Creator, showrunner, writer, and director Lulu Wang (The Farewell) spoke with Script about the challenges and creative opportunities while adapting author Janice Y.K. Lee’s novel, The Expatriates, focusing on the unique setting of Hong Kong through the lens of an outsider, and the emotional integrity of the series, and so much more.
This interview has been edited for content and clarity.
Sadie Dean: How did this project come on your radar and what about it resonated for you emotionally that you knew that you could adapt and tell this story?
Lulu Wang: Nicole [Kidman] brought the book to me. She had optioned it and was always really interested in Hong Kong as a setting. I think at one point, she had had the opportunity to make something in Hong Kong with Wong Kar-wai and it didn't end up happening. And so, she saw this as a great opportunity to shoot in Hong Kong and really loves the female characters.
And I totally agreed. I read the novel and just really fell in love with the characters and the world. Janice's [Y.K. Lee] beautiful writing and how nuanced and complicated these relationships were, and how different all of these women were. And it really felt like the perfect world to have this tapestry of different characters. And because Hong Kong is such a unique place filled with so many different types of people.
Sadie: The process of adapting this book, and breaking it out into these six episodes, while staying true to the emotional integrity of what these women are going through, and not veering away from it. What was that process like for you?
Lulu: Whenever I'm adapting something, whether that's my own story, or someone else's story, I want to hold on to the seed of the thing that made me fall in love with it. And so, in a way, that's the lightning in a bottle, like the first moment you respond emotionally to something, you have to hold on to that. And for me, it was the lyricism of the writing and of course how do you translate lyrical writing about characters inner thoughts onto screen?
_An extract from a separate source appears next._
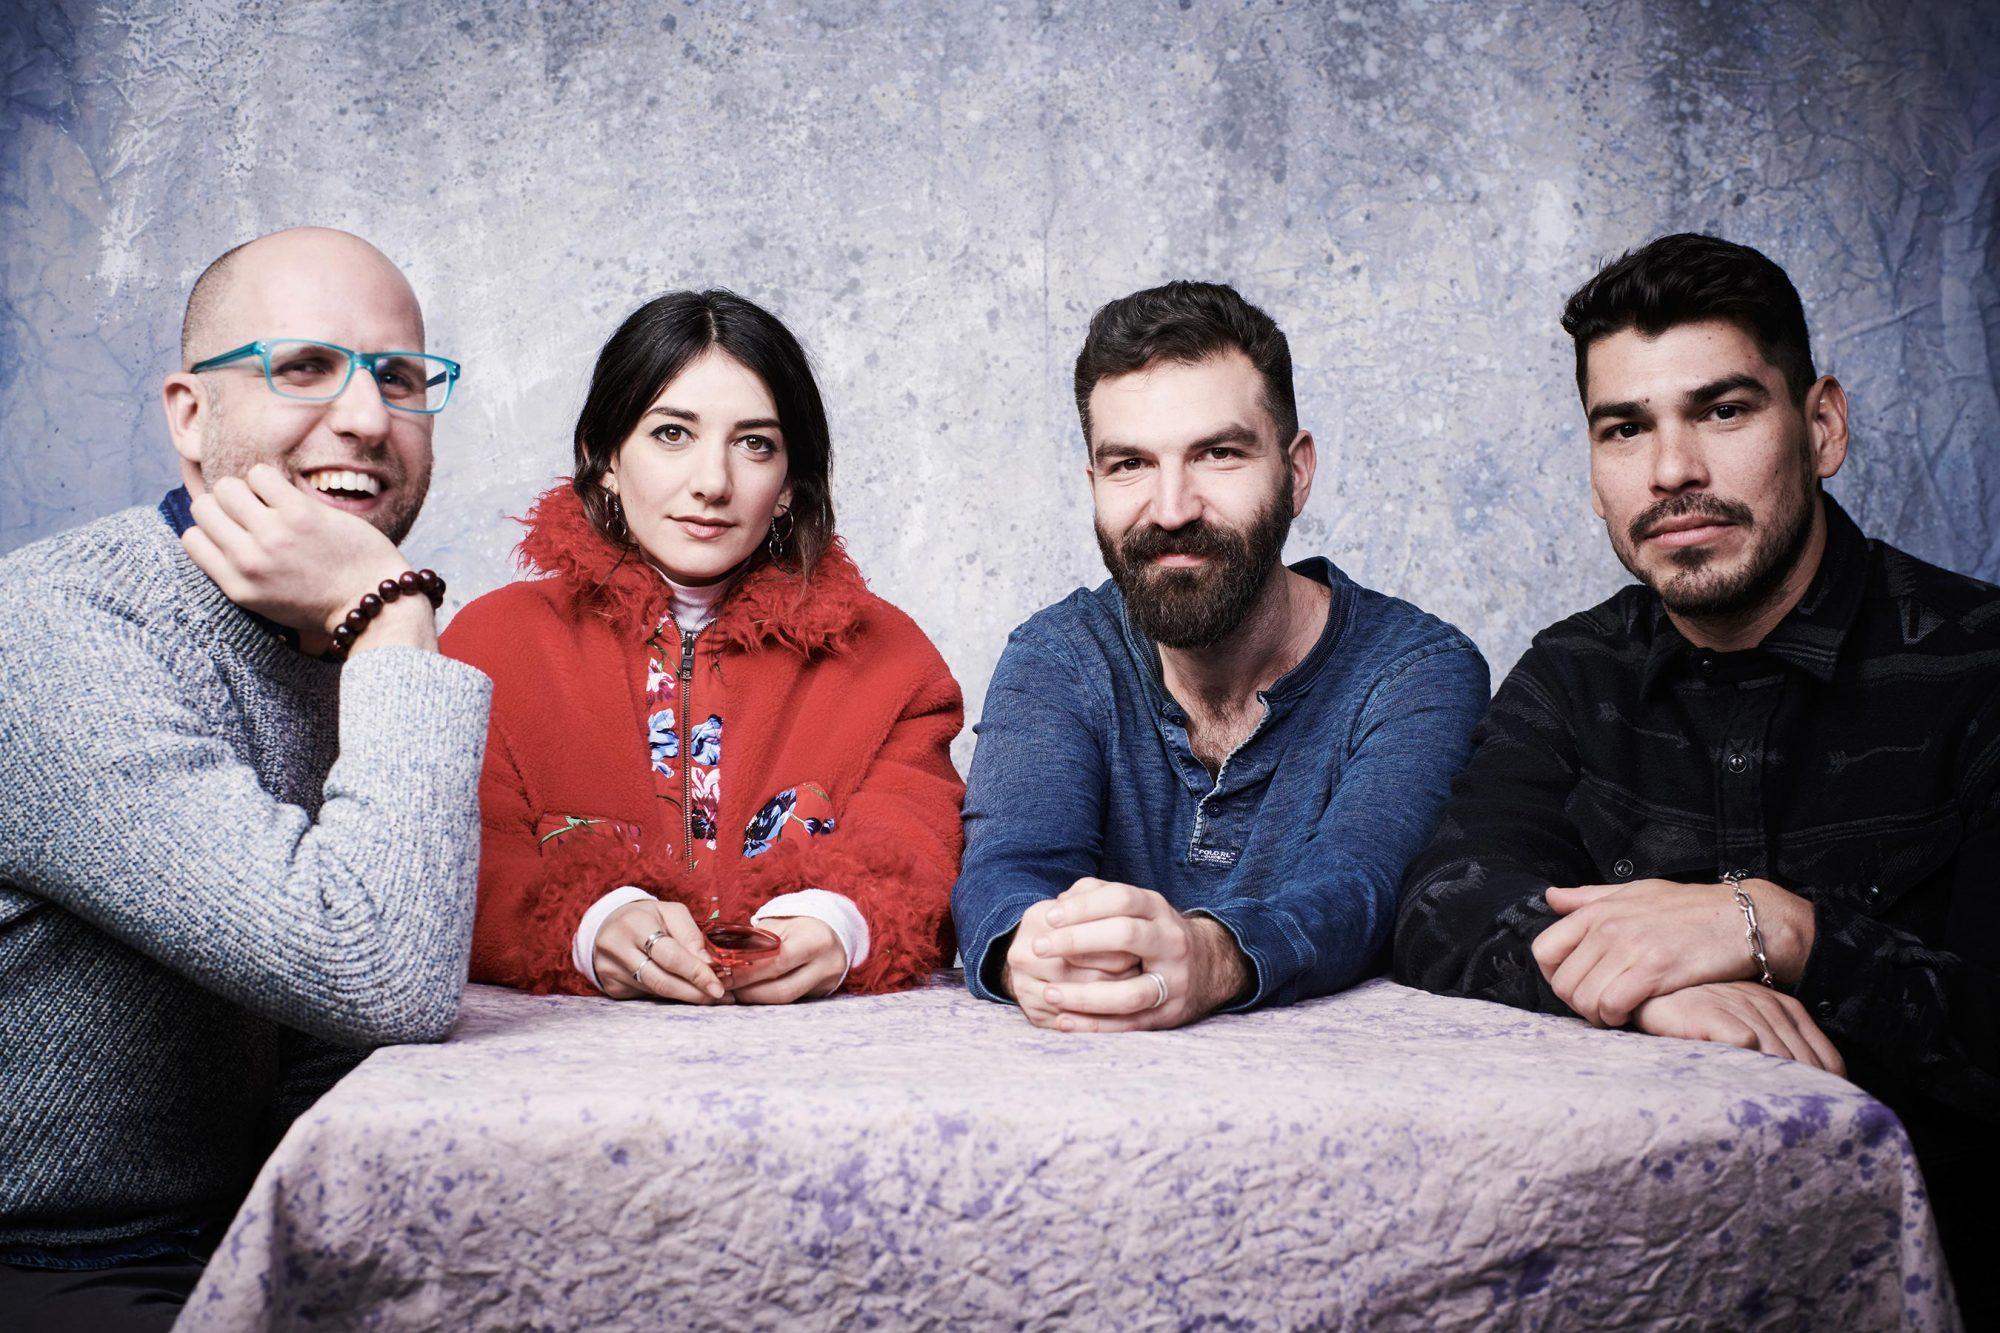 Deadline Studio Portraits at Sundance, Day 1, Park City, USA - 19 Jan 2018

And that was the challenge. I never saw it as like, 'Well, let's attach a plot to it,' because I felt like the book isn’t driven by a whodunit plot. And yet I couldn't stop reading, I was totally entranced. And I just wanted to make sure that that same intrigue and interest was translated into the series. Where we have actually so many other tools, we don't have the lyricism of prose, but we have incredible actors and faces and expression and light and sound. And so how do you translate prose into all of these senses?
Sadie: And you and your team totally knocked it out of the park. I keep thinking about your direction, and the cinematography, coupled with sound design and editing, but how you frame the women in these shots. I'd love to hear about your own visual process and putting your unique lens on this as well.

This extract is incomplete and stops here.